In another test, the researchers gave injected mice varying doses of vitamin D supplements, but no UV radiation. The supplements failed to control the disease onset, severity or progression.

“We concluded that UV light is doing something beyond [making] vitamin D,” DeLuca says.

There’s no question that the latitude hypothesis has merit, says George Ebers, a neurologist at the University of Oxford in England. “MS risk is geographically related.” But that risk is more complicated than exposure to UV radiation during an MS attack, as this mouse model used. For example, previous research has shown that children in northern latitudes who are born in May, after their mothers had spent a winter with little sunshine, are more likely to develop MS than are kids born in November, he says.

Ebers notes that mice in this study were exposed or not exposed to UV over a matter of weeks and were in the throes of an MS-like disease during the study. “That’s completely separate … from the question of whether your risk is boosted or diminished by where your mother lived,” he says.

Apart from the timing issue, MS risk might well be influenced by a biological mechanism apart from vitamin D blood levels, but many questions remain, Ebers says.

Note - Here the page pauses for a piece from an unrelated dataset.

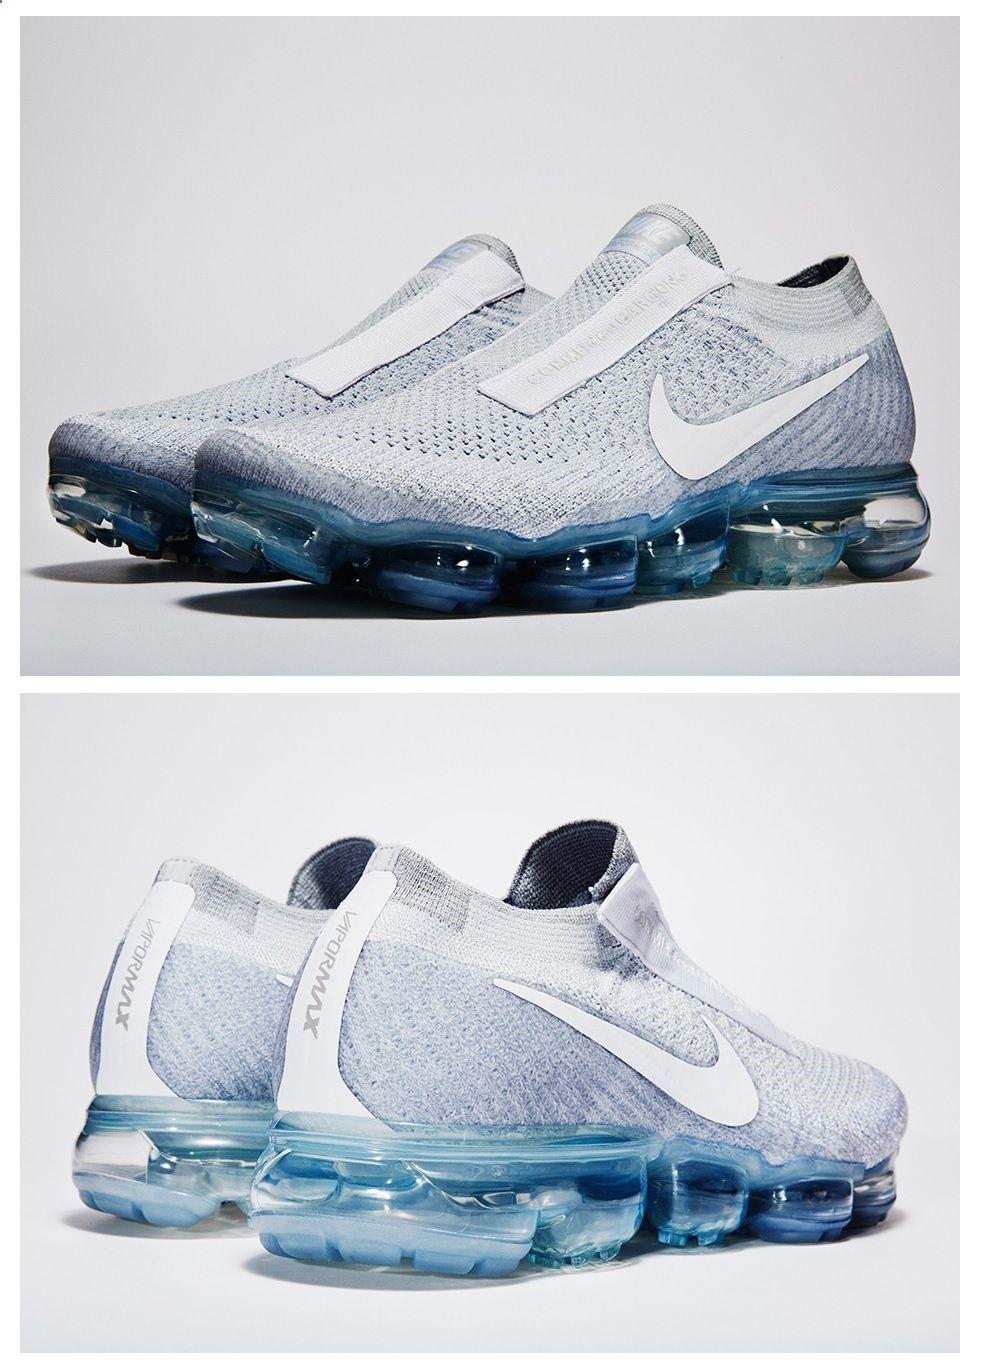 d3a7af6030 COMME des GARÇONS x Nike Vapormax | ❤️Tenis❤️ en 2019 | Zapatos ...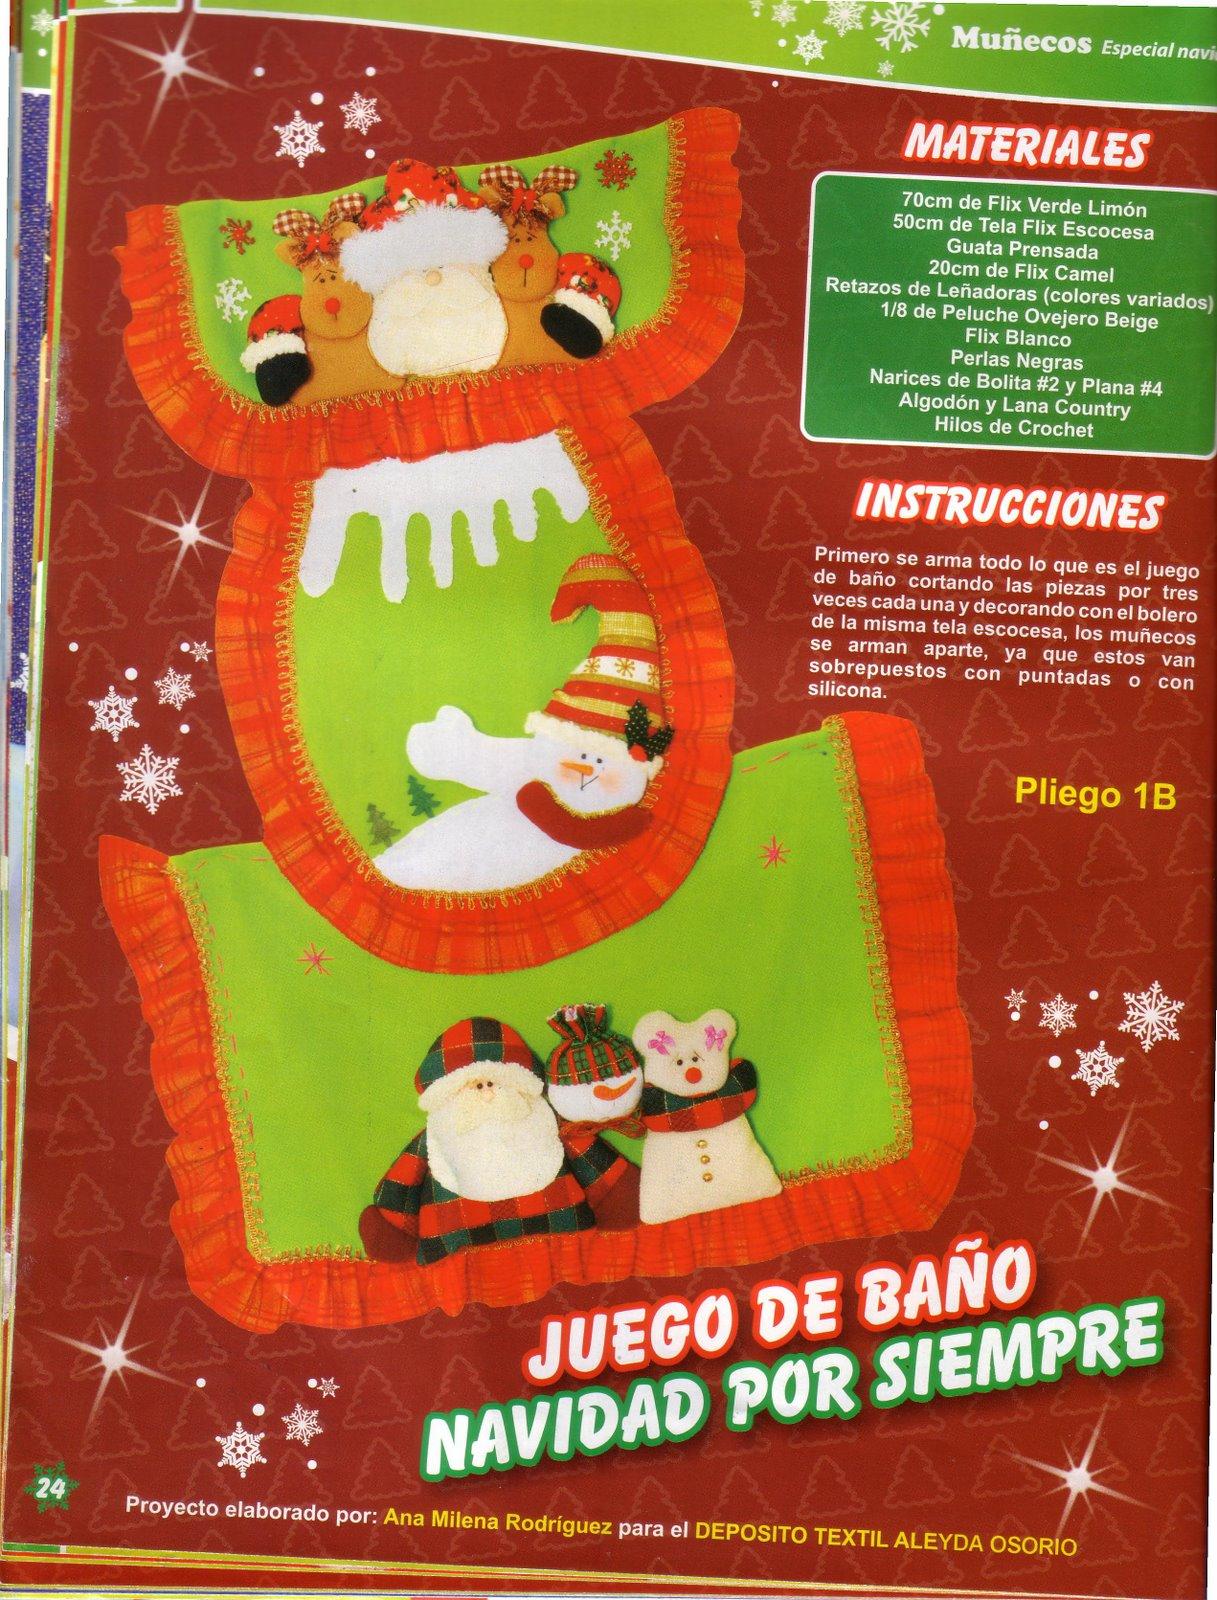 Quiero Aprender Hacer Juegos De Baño:Como hacer Manualidades para Navidad: Juego de baño para Navidad

Those include how UV radiation might inhibit MS and, more specifically, what is the effect of UV rays in suppressing the immune system. “It’s quite possible that UV exposure will have a number of other mechanisms and be involved in hormonal circuits,” he says.

DeLuca and his colleagues speculate that UV radiation is playing a mysterious role in MS that is independent of vitamin D production. “We’re doing experiments trying to find out what it is,” he says.